On Tuesday 08 March 2011, Philippe De Muyter wrote:
On Tue, Mar 08, 2011 at 02:41:03PM +0100, Arnd Bergmann wrote:
The -a tests are still inconclusive. What kind of device is this? What is the total size? (in /proc/partitions) For a USB device, what is the output of lsusb? For a SD card, can you put the card into a builtin SD card reader and do 'head /sys/block/mmcblk0/device/*'?
It is a 2GB compactflash card. I do not remember the brand and model. I'll look them up tomorrow.
From `dmesg': [ 1.202196] ata3.00: CFA: PIO, 20100202, max PIO4 [ 1.202241] ata3.00: 3980592 sectors, multi 0: LBA [ 1.202284] ata3.00: applying bridge limits [ 1.208129] ata3.00: configured for PIO4 [ 1.243481] scsi 2:0:0:0: Direct-Access ATA PIO 2010 PQ: 0 ANSI: 5 [ 1.243754] sd 2:0:0:0: [sdb] 3980592 512-byte logical blocks: (2.03 GB/1.89 GiB) From /proc/partitions: 8 16 1990296 sdb 8 17 1989760 sdb1
Fascinating, so the size is actually not a multiple of any significant block, which means that it either uses a completely different algorithm or it has a segment size that is slightly smaller or bigger.

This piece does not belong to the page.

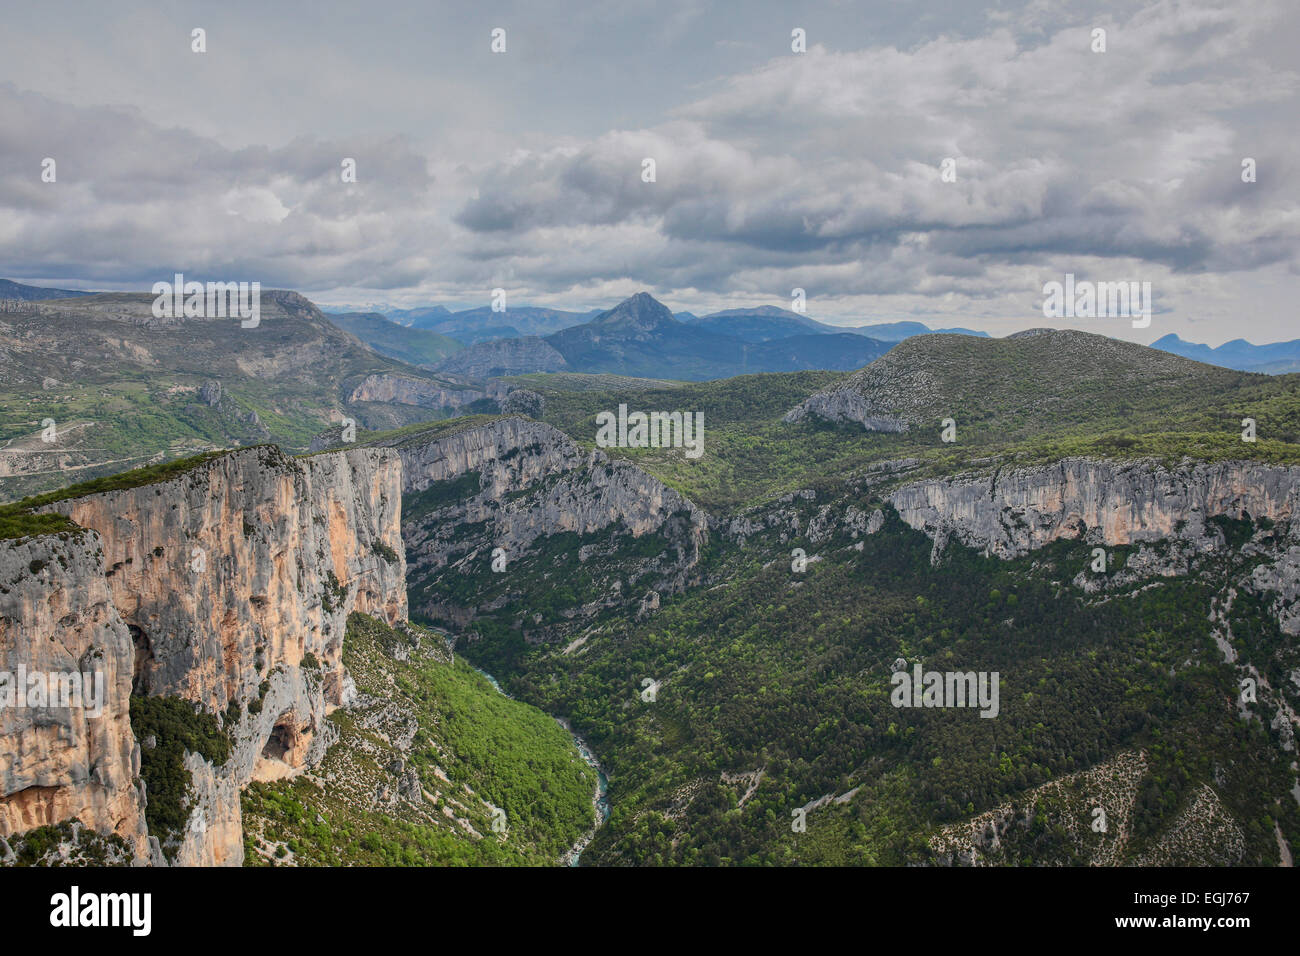 GORGE DU VERDON, FRANCE - MAY 11, 2014: A view of the Gorge du Verdon (Verdon Gorge) in southern France. Stock Photo

I noticed that the partition starts at sector 514, which is just slightly over 512, and the drive size is a multiple of 504 sectors long, which is just slightly lower than 512. Flashbench does not handle this yet, but I plan to add support for this because I have recently encountered a USB stick that uses 4128 KB segments.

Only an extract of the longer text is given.